Cuando Martina heredó una antigua casa en un pequeño y alejado pueblecito situado en el corazón del Pirineo, jamás imaginó que su vida correría peligro desde el primer momento en que pisara aquel lugar. Deprimida por el reciente fallecimiento de su hermano, la joven escritora decide aprovechar para desconectar y pone rumbo al norte para refugiarse en la paz y la tranquilidad de la naturaleza, con la esperanza de reconstruir su vida y volver a escribir. Lo que ella no sabe es que ni a los habitantes de Espluga d`a Buixa ni a sus montañas les gustan los forasteros. La superstición, la austeridad, la religiosidad y la discreción son los preceptos que rigen la convivencia de los escasos lugareños. Intrigada por el aura de misterio que impregna la atmósfera de aquel lugar, Martina tratará de conocer la historia del pueblo a través de las dos únicas personas en las que puede confiar: una anciana y un joven sacerdote. Sin embargo, pronto se dará cuenta de que indagar en el pasado no siempre es buena idea.

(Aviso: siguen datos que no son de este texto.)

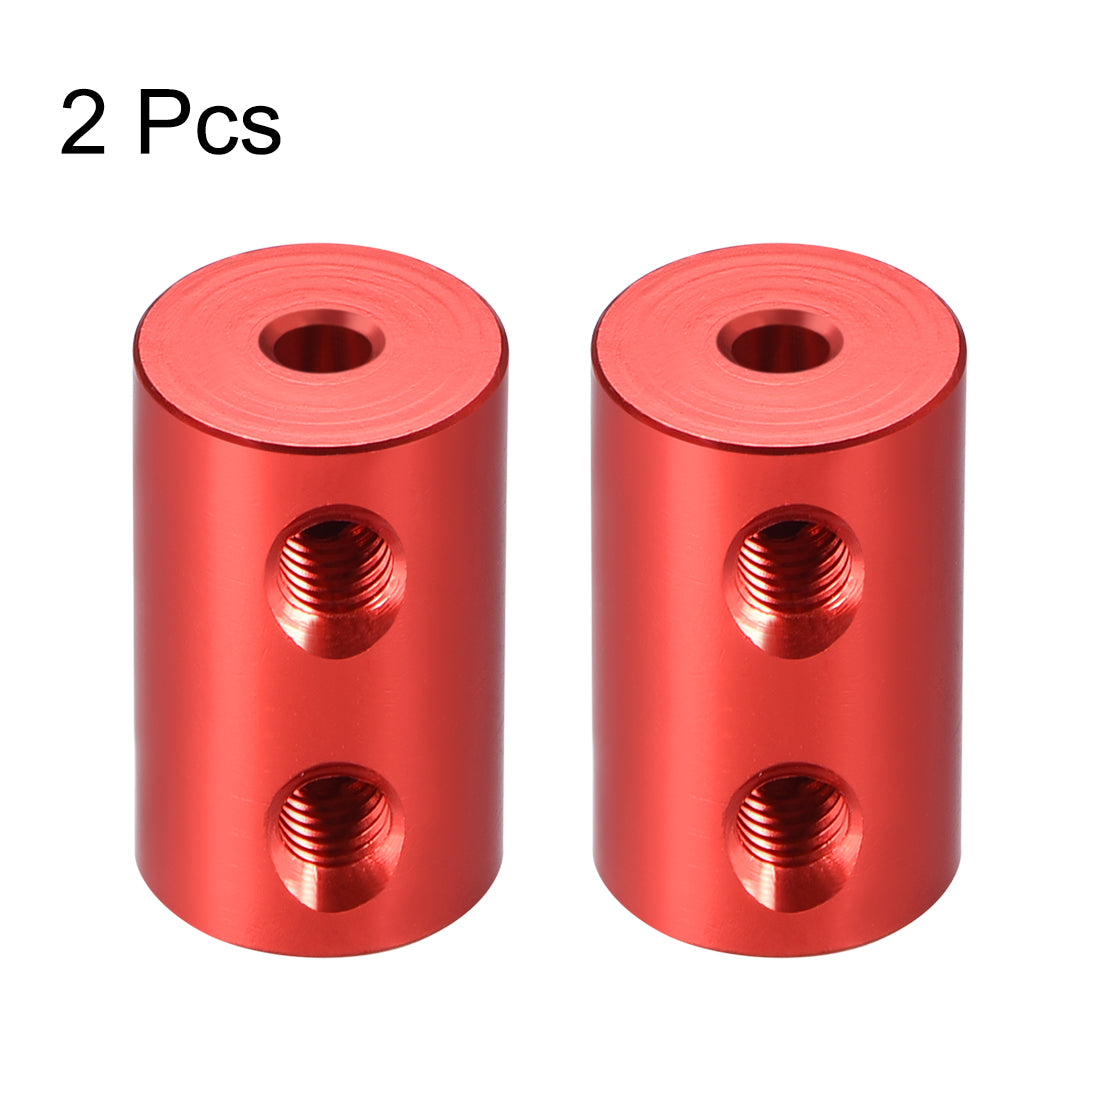 uxcell Uxcell Shaft Coupling 3mm to 3mm Bore L20xD12 Robot Motor Wheel Rigid Coupler Connector Red 2 Pcs

Sucesos inexplicables en su propia casa, un cementerio secreto cuyas tumbas están vacías, una leyenda sobre un espíritu maligno y ancestral que domina las montañas, desapariciones, personajes siniestros y extraños vínculos entre los habitantes son algunos de los misterios con los que se va a enfrentar la protagonista, quien sospecha que tras la sombra de la superchería se esconde la hábil y perversa mano humana, resistiéndose a creer en los mitos y creencias de la España más profunda. Con un policía alcohólico y un ermitaño salvaje a su acecho, y el único apoyo de sus dos afables amigos, luchará obstinadamente por averiguar qué ocurre en aquel pueblo, impulsada por una fuerza extraña que aún no comprende, mientras intenta olvidar su duelo personal y ocultar el prohibido afecto que el joven sacerdote despierta en ella, así como descifrar unos enigmáticos, obsesivos y lujuriosos sueños que la acosan en la madrugada, y que despiertan en ella sus pasiones más primitivas.